We choose Adam with lr=5e-3. As you can see we can call eqx.filter directly on the orchestrator, since it is a pytree. We also show how to update the model with the function update(orchestrator, state, optimizer).

optimizer = optax.adam(5e-3)
opt_state = optimizer.init(eqx.filter(orchestrator, eqx.is_inexact_array))


def update(
    orchestrator: SequentialOrchestrator, state: SequentialState, optimizer, optimizer_state, rng
) -> tuple[SequentialOrchestrator, Any]:
    """Compute and applies the updates and returns the updated model.

    It also returns the optimizer state, typed as Any for now.
    """
    # 1) Local deltas (orchestrator-shaped deltas).
    grads = orchestrator.backward(state, rng=rng)

    # 2) Optax over the orchestrator (tree structures match by construction).
    # This is common equinox + optax pattern, used in the same way when training
    # "regular" deep learning models.
    # First we filter fields with equinox and then we give them to the optimizer.
    # This allows us to handle complex pytrees with static fields seamlessly during
    # training.
    params = eqx.filter(orchestrator, eqx.is_inexact_array)
    grads = eqx.filter(grads, eqx.is_inexact_array)

    # 3) We compute the updates and apply them to our model
    updates, opt_state = optimizer.update(grads, optimizer_state, params=params)
    orchestrator = eqx.apply_updates(orchestrator, updates)

    # 4) We return the updated model and the optimizer state
    return orchestrator, opt_state

Dynamics helpers¶

We now define two simple functions that run during training, they are extremely simple. During run_dynamics_training we have two phases: a first one where we compute all messages and run the dynamics with both forward and backward messages. We run this phase for a fixed number of steps. Then, we do a second phase where we suppress all messages "going backward", we run this dynamics for a fixed number of steps and we obtain a second fixed point s^*.

During inference, we only run the dynamics with suppressed messages from the right.

def run_dynamics_training(
    orch: SequentialOrchestrator,
    s,
    rng: jax.Array,
    steps: int,
):
    """Run `steps` iterations using ALL messages (clamped phase).

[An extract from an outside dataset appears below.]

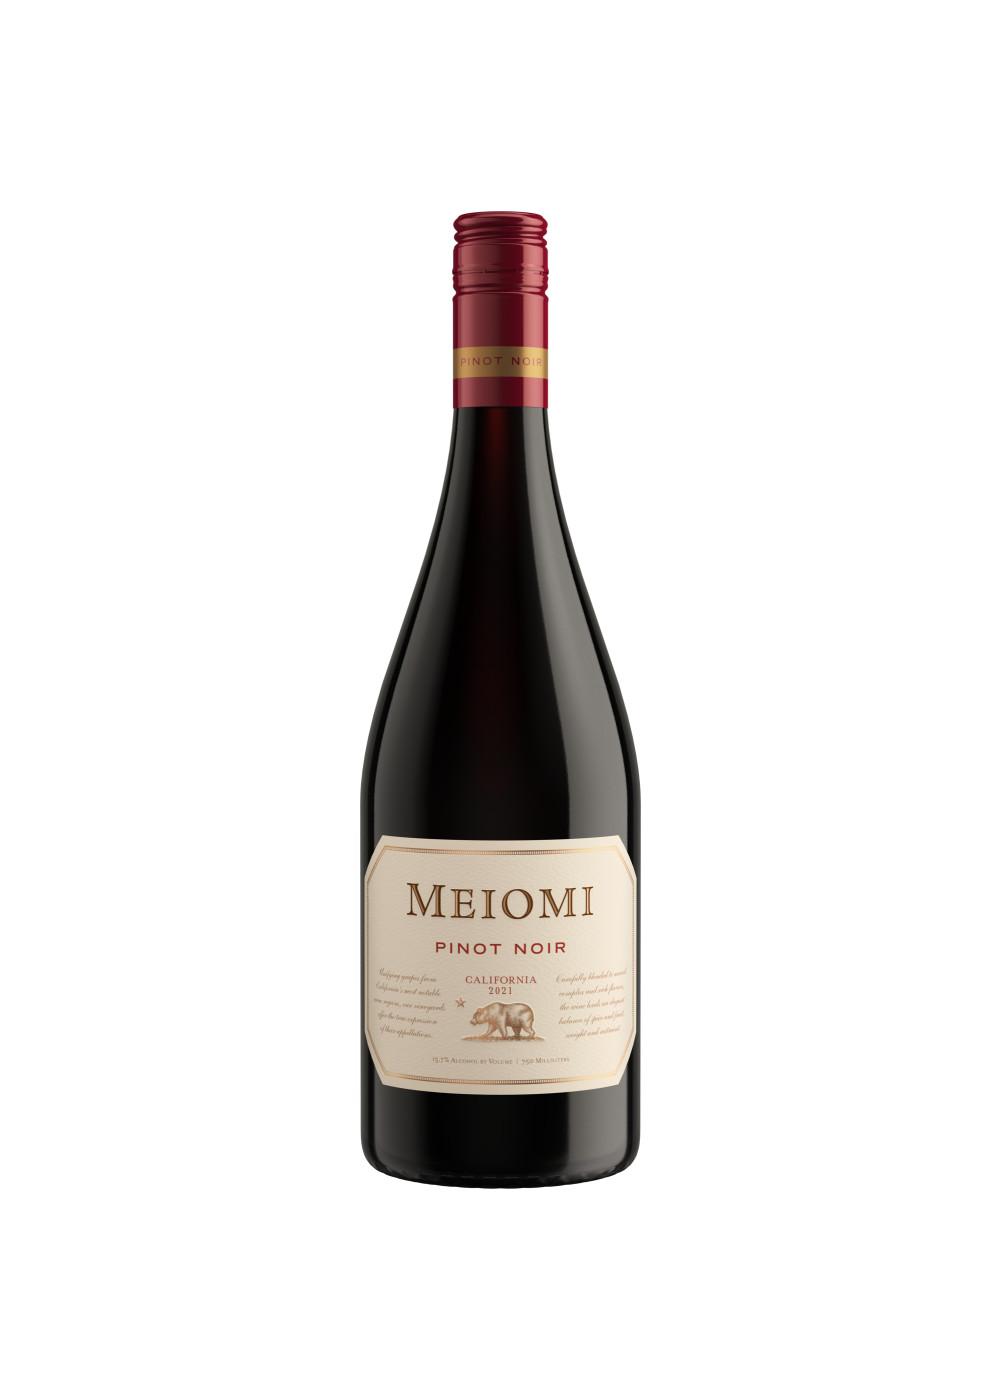 Meiomi Pinot Noir Red Wine 750 mL Bottle; image 1 of 4

    Note: Kept identical to your working version for consistency.
    """
    for _ in range(steps):
        s, rng = orch.step(s, rng=rng)
    for _ in range(steps):
        s, rng = orch.step_inference(s, rng=rng)
    return s, rng


def run_dynamics_inference(
    orch: SequentialOrchestrator,
    s,
    rng: jax.Array,
    steps: int,
):
    """Run `steps` iterations discarding rightward/backward messages (free phase)."""
    for _ in range(steps):
        s, rng = orch.step_inference(s, rng=rng)
    return s, rng

Train step¶

This function summarizes the whole training protocol, for a single batch.

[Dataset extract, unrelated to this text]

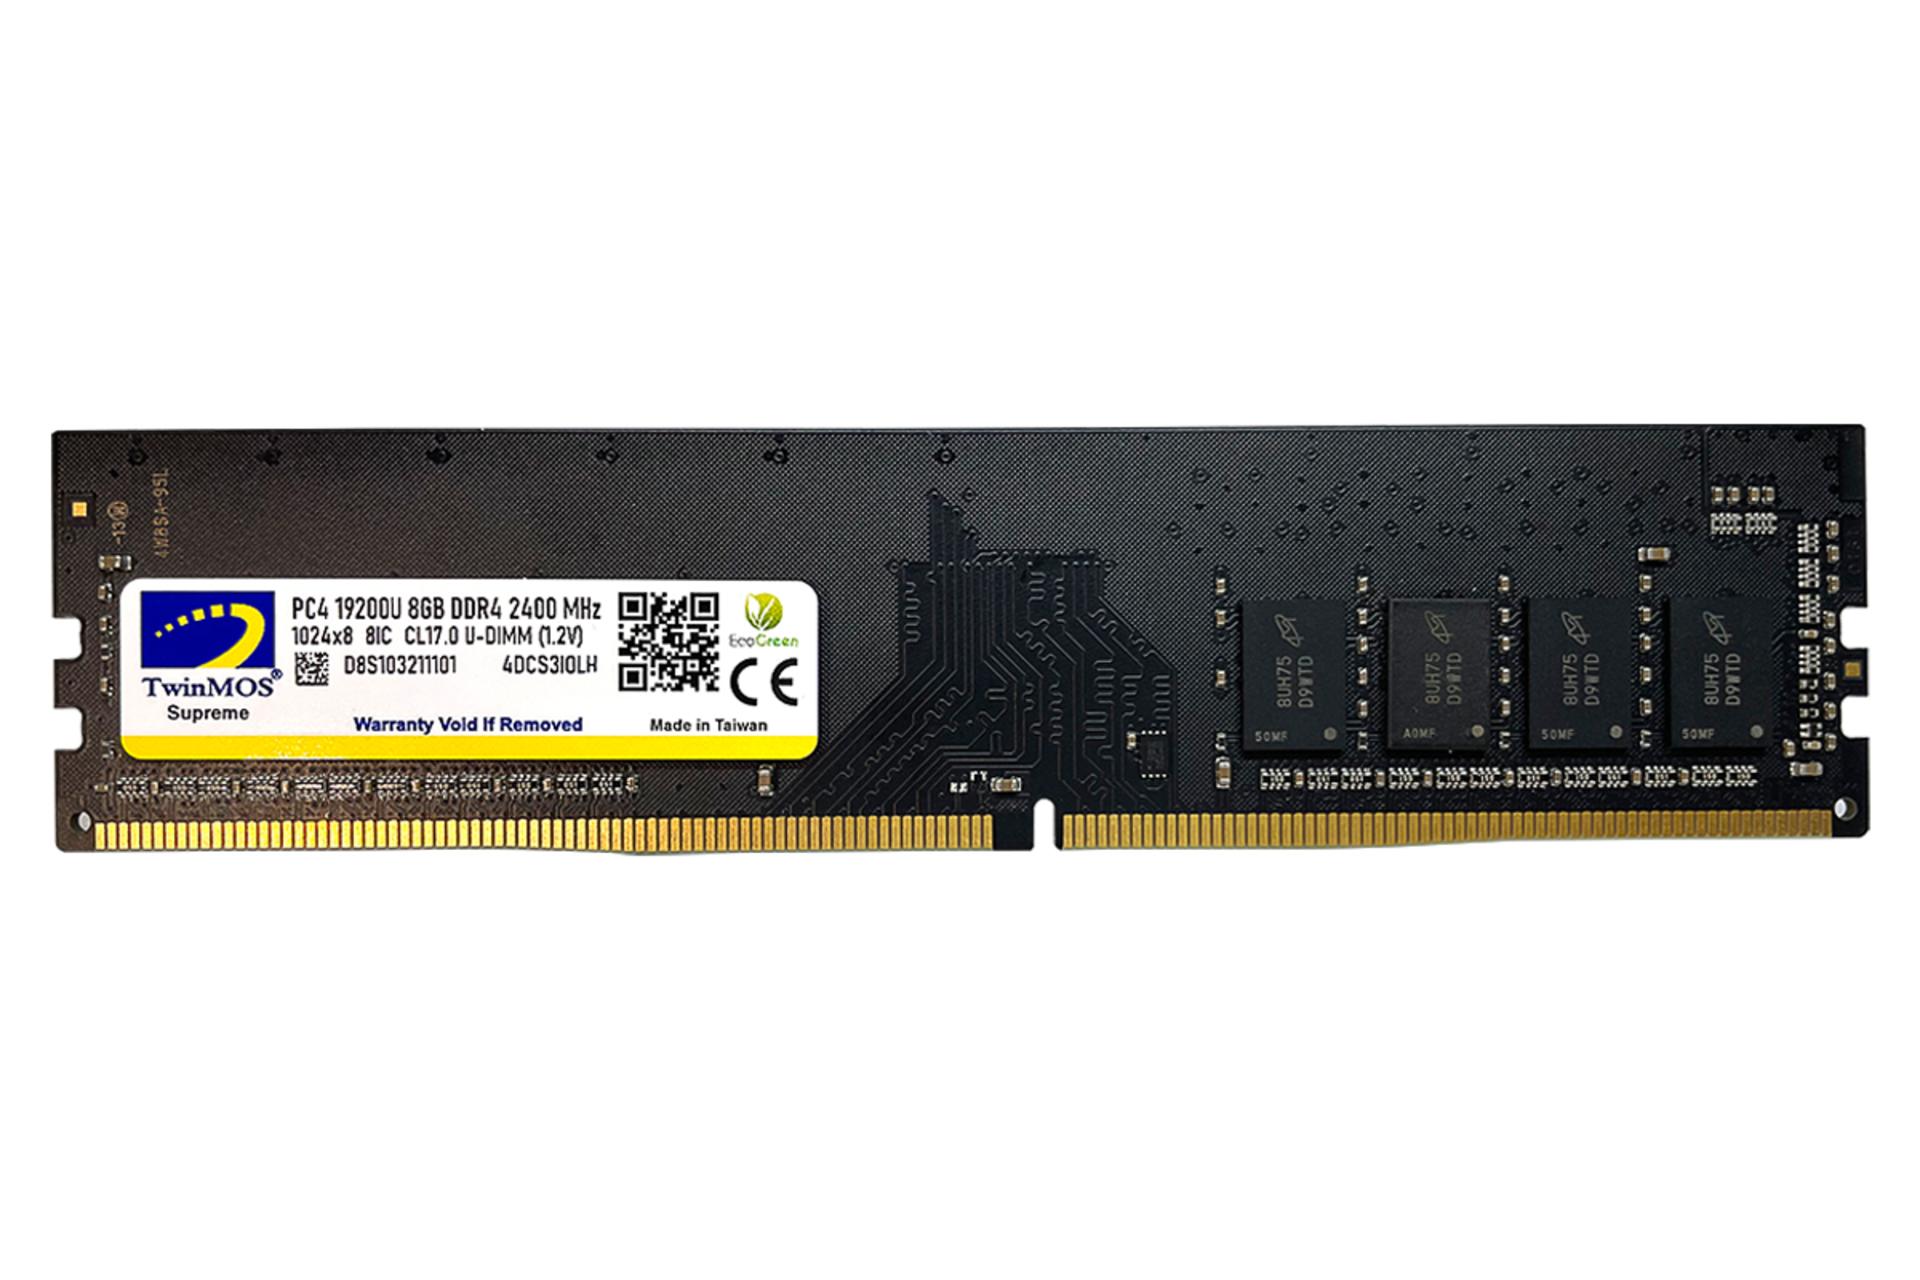 رم توین موس MDD48GB2400D ظرفیت 8 گیگابایت از نوع DDR4-2400

Protocol per batch: 1. Initialize/clamp the global state with (x, y). 2. Run training dynamics for 2 * T_train steps. 3. Update the model with update, as seen before.

def train_step(
    orch: SequentialOrchestrator,
    s: SequentialState,
    x: jnp.ndarray,
    y: jnp.ndarray,
    rng: jax.Array,
    *,
    opt_state,
    optimizer,
    t_train: int = 3,
):
    # 1) Clamp current batch (inputs & labels).
    s = s.init(x, y)

    # 2) Training dynamics (kept as-is).
    s, rng = run_dynamics_training(orch, s, rng, steps=t_train)

    # 3) Update the model
    rng, update_key = jax.random.split(rng)
    orch, opt_state = update(orch, s, optimizer, opt_state, update_key)
    return orch, rng, opt_state

Eval step¶

Initializes with inputs only (labels are just for metrics), then runs the inference dynamics and computes metrics.

def eval_step(
    orch: SequentialOrchestrator,
    s: SequentialState,
    x: jnp.ndarray,
    y: jnp.ndarray,
    rng: jax.Array,
    *,
    t_eval: int = 5,
) -> tuple[SequentialOrchestrator, SequentialState, dict, jax.Array]:
    s = s.init(x, None)
    s, rng = run_dynamics_inference(orch, s, rng, steps=t_eval)
    s, rng = orchestrator.predict(s, rng)
    y_pred = s[-1]
    metrics = {"acc": batch_accuracy(y, y_pred)}
    return metrics, rng

Run the training¶

Finally, we build a small PrototypeData stream, train for a few epochs using train_step per batch, and evaluate on the same stream.

# Constants
P_NOISE = 0.3
BATCH_SIZE = 16
EPOCHS = 3
T_TRAIN = 10  # training dynamics steps per batch
T_EVAL = 10  # short inference steps for monitoring

# RNGs
master_key = jax.random.key(59)
master_key, data_key = jax.random.split(master_key)

# Data
data = PrototypeData(
    key=data_key,
    batch_size=BATCH_SIZE,
    num_prototypes=NUM_LABELS,
    dim_prototypes=DIM_DATA,
    num_data=NUM_DATA,
    p_noise=P_NOISE,
)
print(f"Dataset: x.shape={tuple(data.x.shape)}  y.shape={tuple(data.y.shape)}")

# Training config

history = {"acc": []}

for epoch in range(1, EPOCHS + 1):
    t0 = time.time()
    print(f"\n=== Epoch {epoch}/{EPOCHS} ===")
    for x_batch, y_batch in data:
        # Keep batch arrays float32 (consistency)
        master_key, train_key, eval_key = jax.random.split(master_key, num=3)
        orchestrator, master_key, opt_state = train_step(
            orchestrator,
            state,
            x_batch,
            y_batch,
            rng=train_key,
            opt_state=opt_state,
            optimizer=optimizer,
            t_train=T_TRAIN,
        )
        metrics, rng = eval_step(orchestrator, state, x_batch, y_batch, eval_key)
    history["acc"].append(metrics["acc"])
    print(f"Epoch {epoch} done in {time.time()-t0:.2f}s")
    print(f"Mean accuracy={float(jnp.mean(jnp.array(history['acc']))):.3f}")

Final evaluation (demo)¶

Single pass over the same iterator; replace with a held‑out set in practice.

eval_acc = []
for x_b, y_b in data:
    x_batch = x_b.astype(jnp.float32)
    y_batch = y_b.astype(jnp.float32)
    master_key, step_key = jax.random.split(master_key)
    metrics, master_key = eval_step(
        orchestrator,
        state,
        x_batch,
        y_batch,
        rng=step_key,
        t_eval=T_EVAL,
    )
    eval_acc.append(metrics["acc"])

print("\n=== Final evaluation summary ===")
print(f"Accuracy={float(jnp.mean(jnp.array(eval_acc))):.3f}")